Stored entries

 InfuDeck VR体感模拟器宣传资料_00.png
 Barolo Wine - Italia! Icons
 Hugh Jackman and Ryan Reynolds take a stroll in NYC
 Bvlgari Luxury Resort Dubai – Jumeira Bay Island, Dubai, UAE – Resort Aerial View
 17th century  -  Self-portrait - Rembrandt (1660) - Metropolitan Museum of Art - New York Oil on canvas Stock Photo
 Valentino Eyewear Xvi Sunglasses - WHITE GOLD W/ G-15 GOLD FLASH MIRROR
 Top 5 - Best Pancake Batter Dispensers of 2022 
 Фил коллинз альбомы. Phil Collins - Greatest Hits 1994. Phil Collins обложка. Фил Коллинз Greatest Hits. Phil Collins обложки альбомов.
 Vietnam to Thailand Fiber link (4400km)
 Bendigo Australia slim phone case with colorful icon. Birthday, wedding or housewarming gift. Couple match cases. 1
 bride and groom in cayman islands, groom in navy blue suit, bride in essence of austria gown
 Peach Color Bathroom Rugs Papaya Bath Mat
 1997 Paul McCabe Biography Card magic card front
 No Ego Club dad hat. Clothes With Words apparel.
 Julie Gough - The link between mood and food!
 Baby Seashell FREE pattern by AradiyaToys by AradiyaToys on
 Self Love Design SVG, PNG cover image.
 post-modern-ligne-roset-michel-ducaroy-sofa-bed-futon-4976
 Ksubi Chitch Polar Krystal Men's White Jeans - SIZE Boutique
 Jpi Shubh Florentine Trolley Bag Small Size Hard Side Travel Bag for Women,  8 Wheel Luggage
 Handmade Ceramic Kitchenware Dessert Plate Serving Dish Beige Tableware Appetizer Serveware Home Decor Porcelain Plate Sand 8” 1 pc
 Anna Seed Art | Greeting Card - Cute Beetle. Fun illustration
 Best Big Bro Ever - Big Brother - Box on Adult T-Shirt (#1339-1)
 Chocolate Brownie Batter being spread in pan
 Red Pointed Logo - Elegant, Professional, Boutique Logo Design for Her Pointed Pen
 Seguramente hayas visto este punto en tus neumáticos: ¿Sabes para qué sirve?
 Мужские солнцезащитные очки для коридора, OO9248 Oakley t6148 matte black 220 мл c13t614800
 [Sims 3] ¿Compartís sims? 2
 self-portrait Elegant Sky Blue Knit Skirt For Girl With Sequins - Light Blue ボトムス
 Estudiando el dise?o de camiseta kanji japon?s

▸ **How to complete this task**: Please repeat the entries above exactly as they read.

▸ **Answer to this problem**:
 InfuDeck VR体感模拟器宣传资料_00.png
 Barolo Wine - Italia! Icons
 Hugh Jackman and Ryan Reynolds take a stroll in NYC
 Bvlgari Luxury Resort Dubai – Jumeira Bay Island, Dubai, UAE – Resort Aerial View
 17th century  -  Self-portrait - Rembrandt (1660) - Metropolitan Museum of Art - New York Oil on canvas Stock Photo
 Valentino Eyewear Xvi Sunglasses - WHITE GOLD W/ G-15 GOLD FLASH MIRROR
 Top 5 - Best Pancake Batter Dispensers of 2022 
 Фил коллинз альбомы. Phil Collins - Greatest Hits 1994. Phil Collins обложка. Фил Коллинз Greatest Hits. Phil Collins обложки альбомов.
 Vietnam to Thailand Fiber link (4400km)
 Bendigo Australia slim phone case with colorful icon. Birthday, wedding or housewarming gift. Couple match cases. 1
 bride and groom in cayman islands, groom in navy blue suit, bride in essence of austria gown
 Peach Color Bathroom Rugs Papaya Bath Mat
 1997 Paul McCabe Biography Card magic card front
 No Ego Club dad hat. Clothes With Words apparel.
 Julie Gough - The link between mood and food!
 Baby Seashell FREE pattern by AradiyaToys by AradiyaToys on
 Self Love Design SVG, PNG cover image.
 post-modern-ligne-roset-michel-ducaroy-sofa-bed-futon-4976
 Ksubi Chitch Polar Krystal Men's White Jeans - SIZE Boutique
 Jpi Shubh Florentine Trolley Bag Small Size Hard Side Travel Bag for Women,  8 Wheel Luggage
 Handmade Ceramic Kitchenware Dessert Plate Serving Dish Beige Tableware Appetizer Serveware Home Decor Porcelain Plate Sand 8” 1 pc
 Anna Seed Art | Greeting Card - Cute Beetle. Fun illustration
 Best Big Bro Ever - Big Brother - Box on Adult T-Shirt (#1339-1)
 Chocolate Brownie Batter being spread in pan
 Red Pointed Logo - Elegant, Professional, Boutique Logo Design for Her Pointed Pen
 Seguramente hayas visto este punto en tus neumáticos: ¿Sabes para qué sirve?
 Мужские солнцезащитные очки для коридора, OO9248 Oakley t6148 matte black 220 мл c13t614800
 [Sims 3] ¿Compartís sims? 2
 self-portrait Elegant Sky Blue Knit Skirt For Girl With Sequins - Light Blue ボトムス
 Estudiando el dise?o de camiseta kanji japon?s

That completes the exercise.